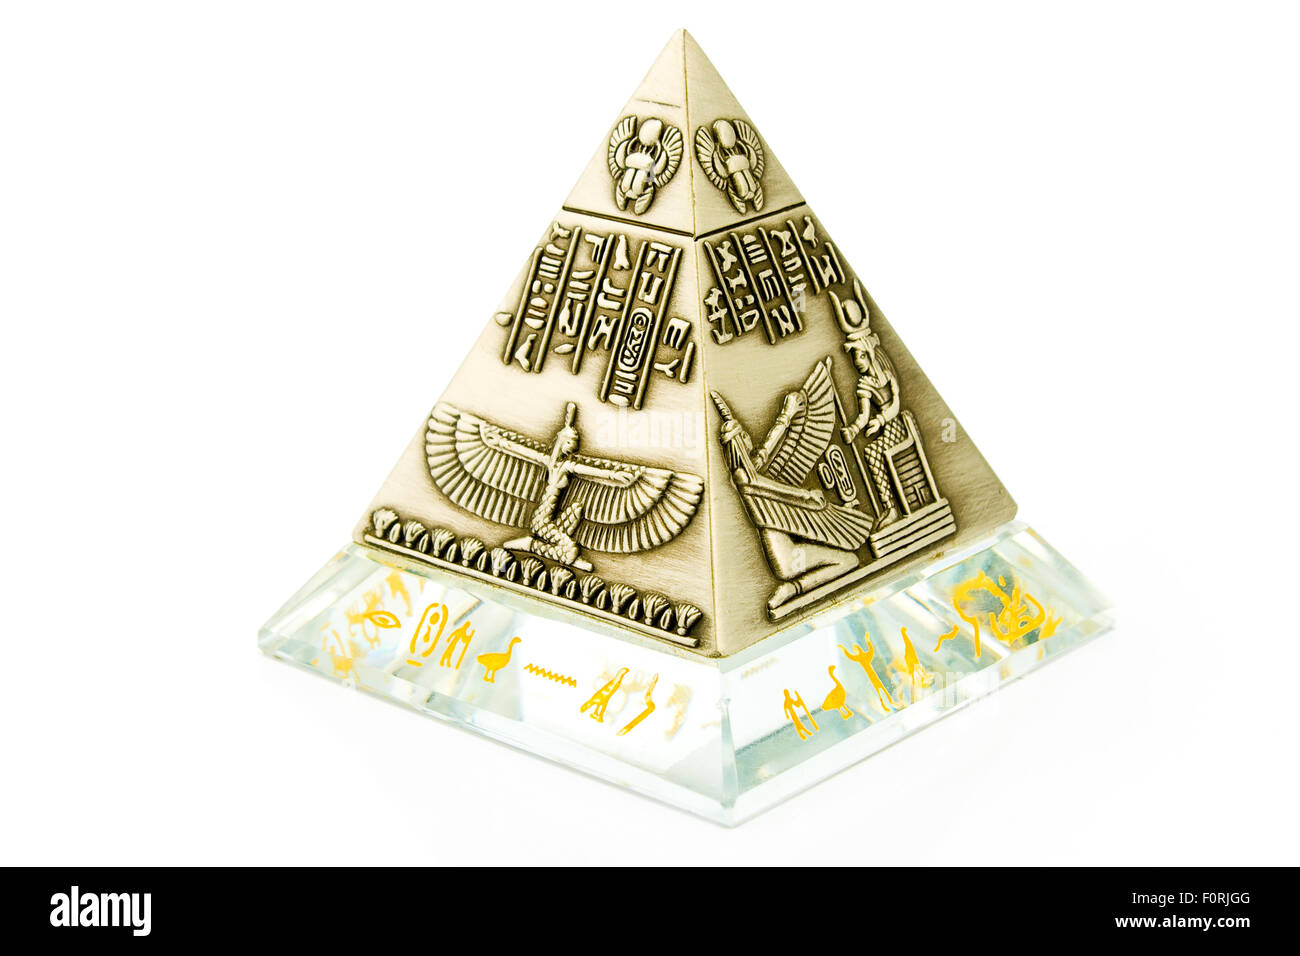 Messing-Pyramide-Souvenir isoliert auf weiss Stockfoto
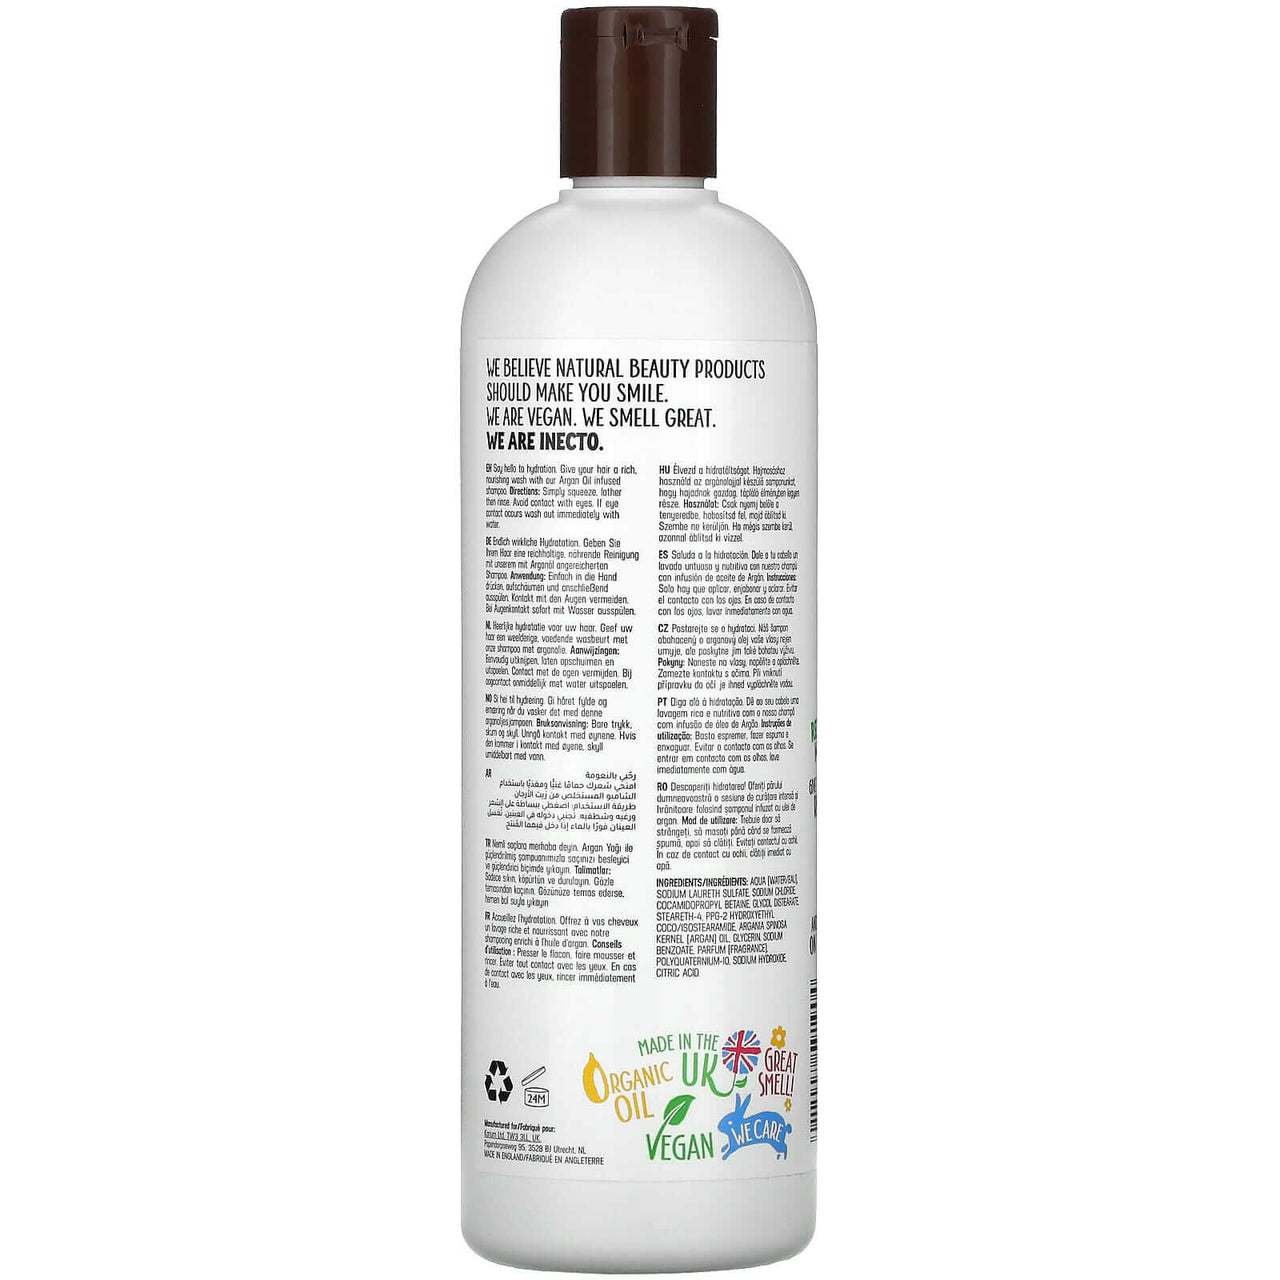 Inecto, Super Shine Argan, Shampoo 500mL - Nutrition Plus
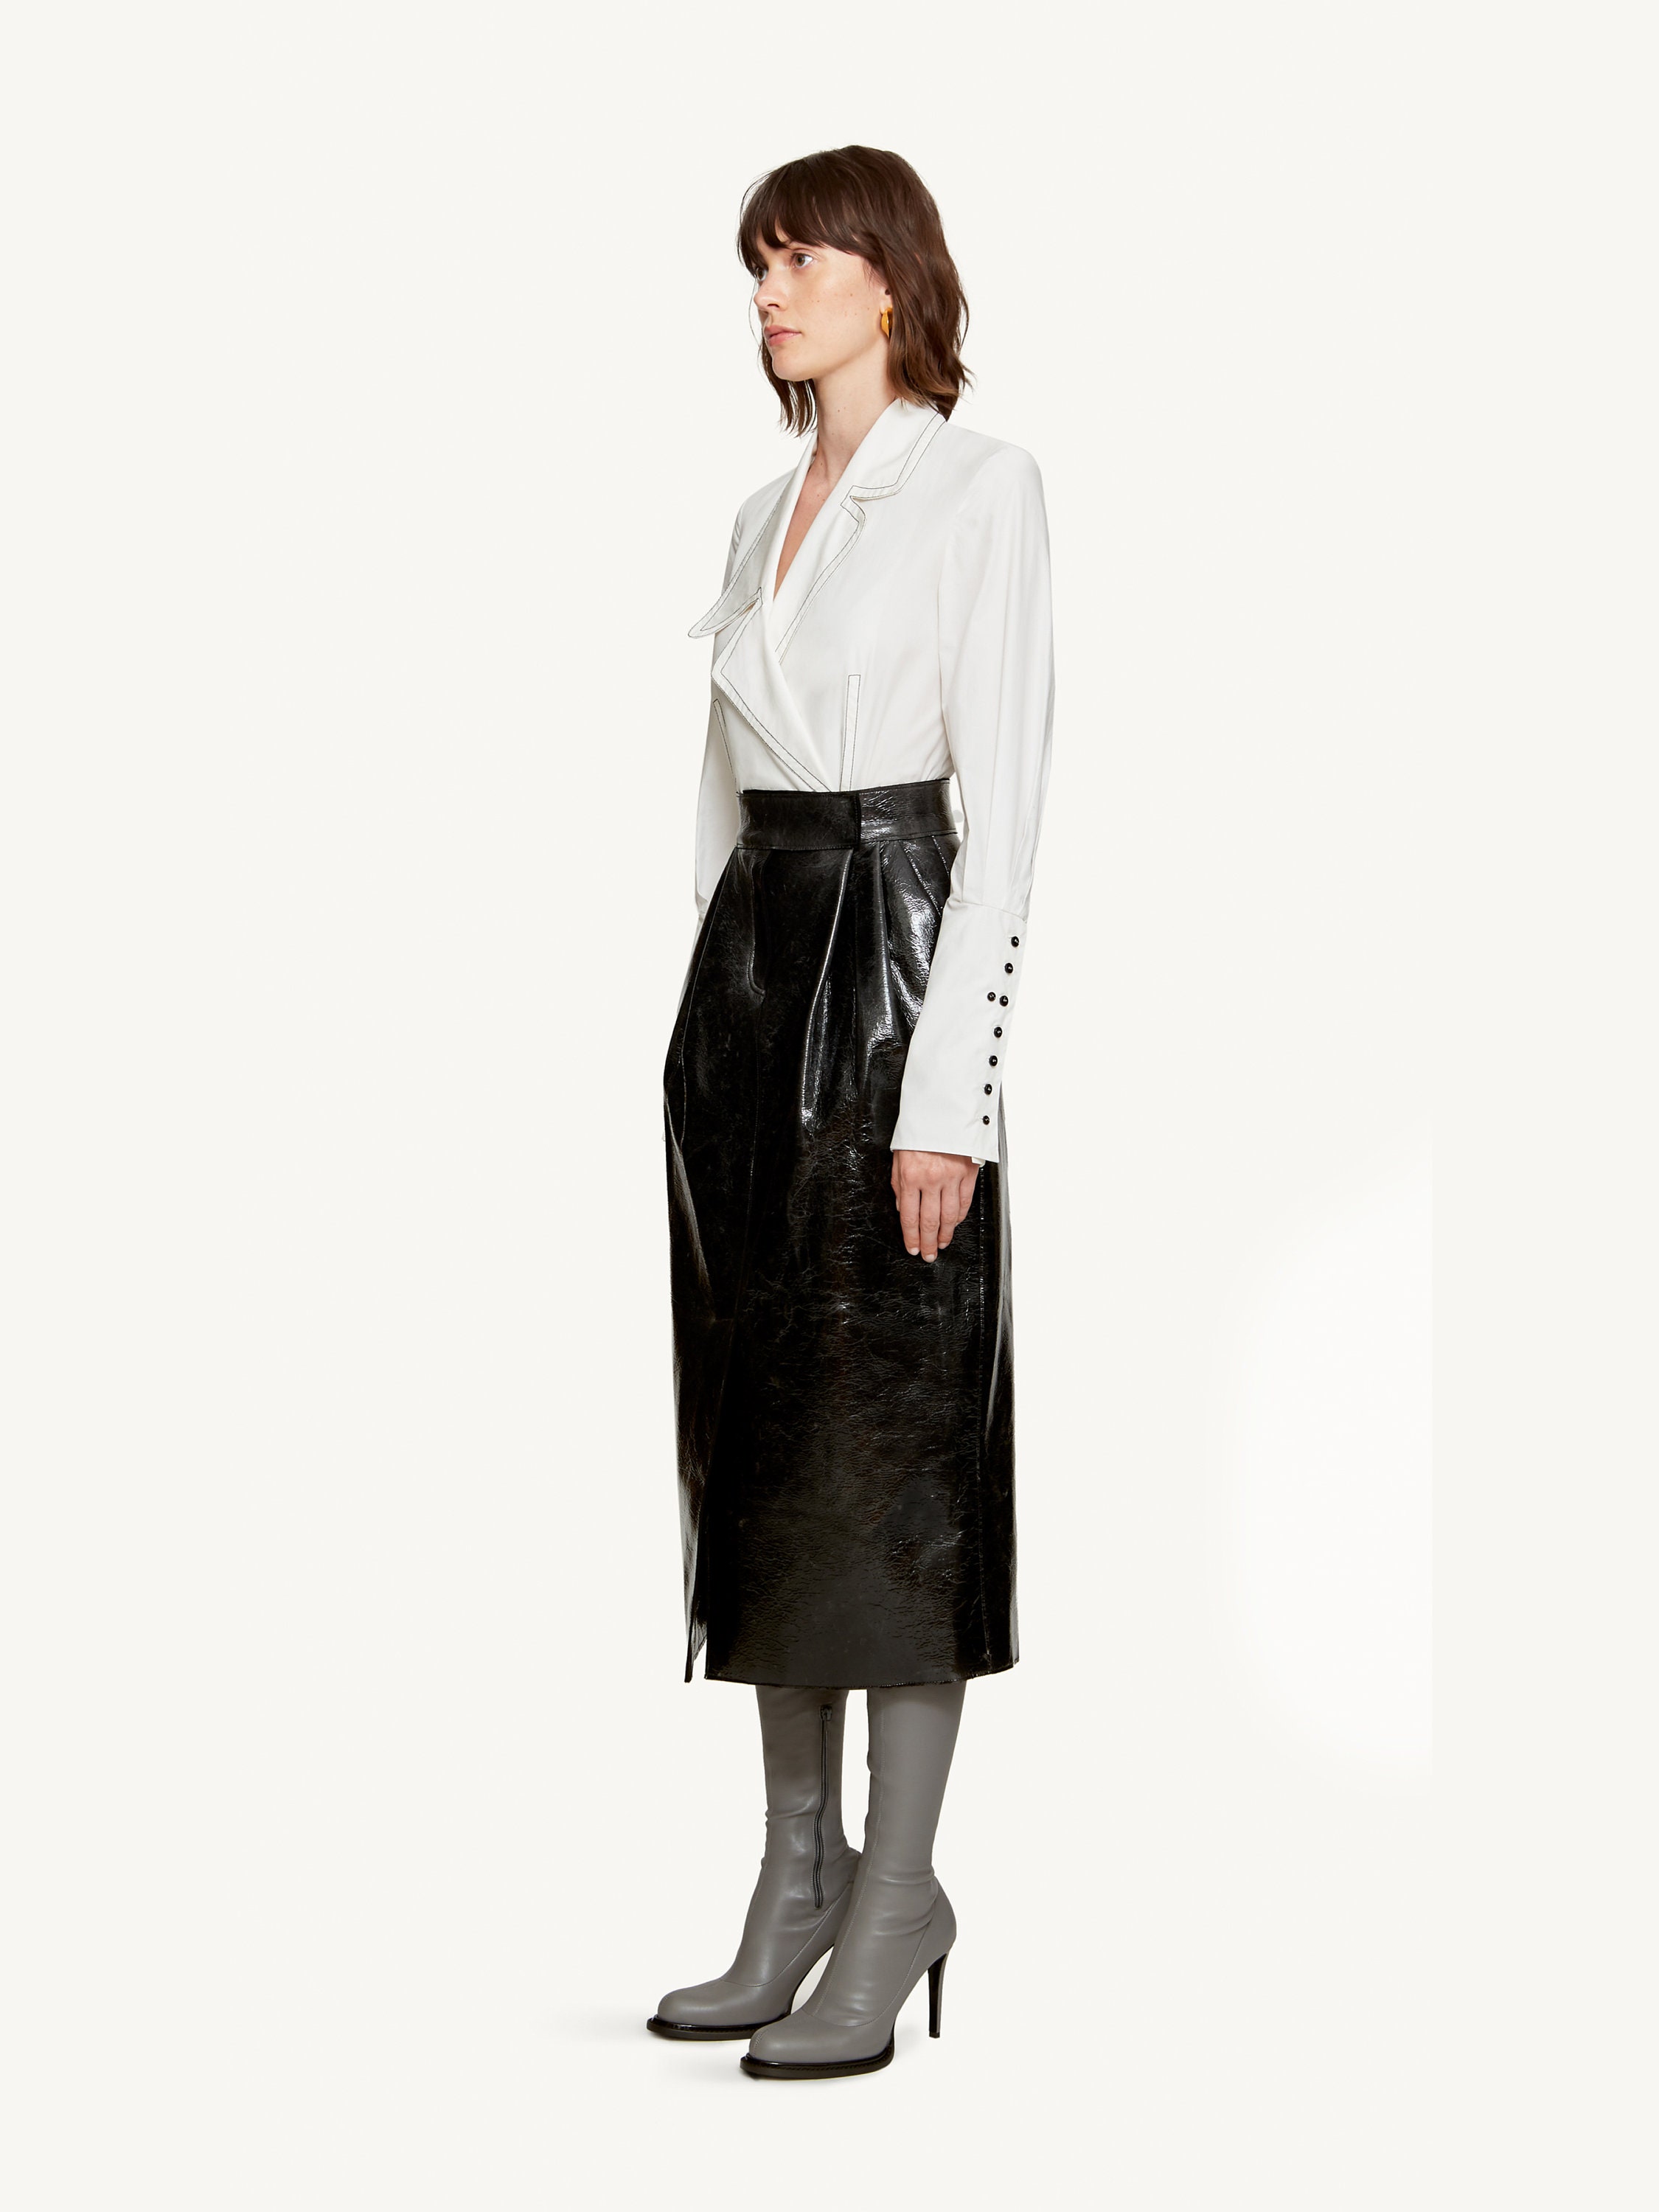 Patent Leather Midi Skirt / Women Fashion Skirt - Etsy

TASK PROMPT:
Repeat every line above exactly, but omit all images.

REPLY TO THE TASK:
 Messing-Pyramide-Souvenir isoliert auf weiss Stockfoto
 Inecto, Super Shine Argan, Shampoo 500mL - Nutrition Plus
 Patent Leather Midi Skirt / Women Fashion Skirt - Etsy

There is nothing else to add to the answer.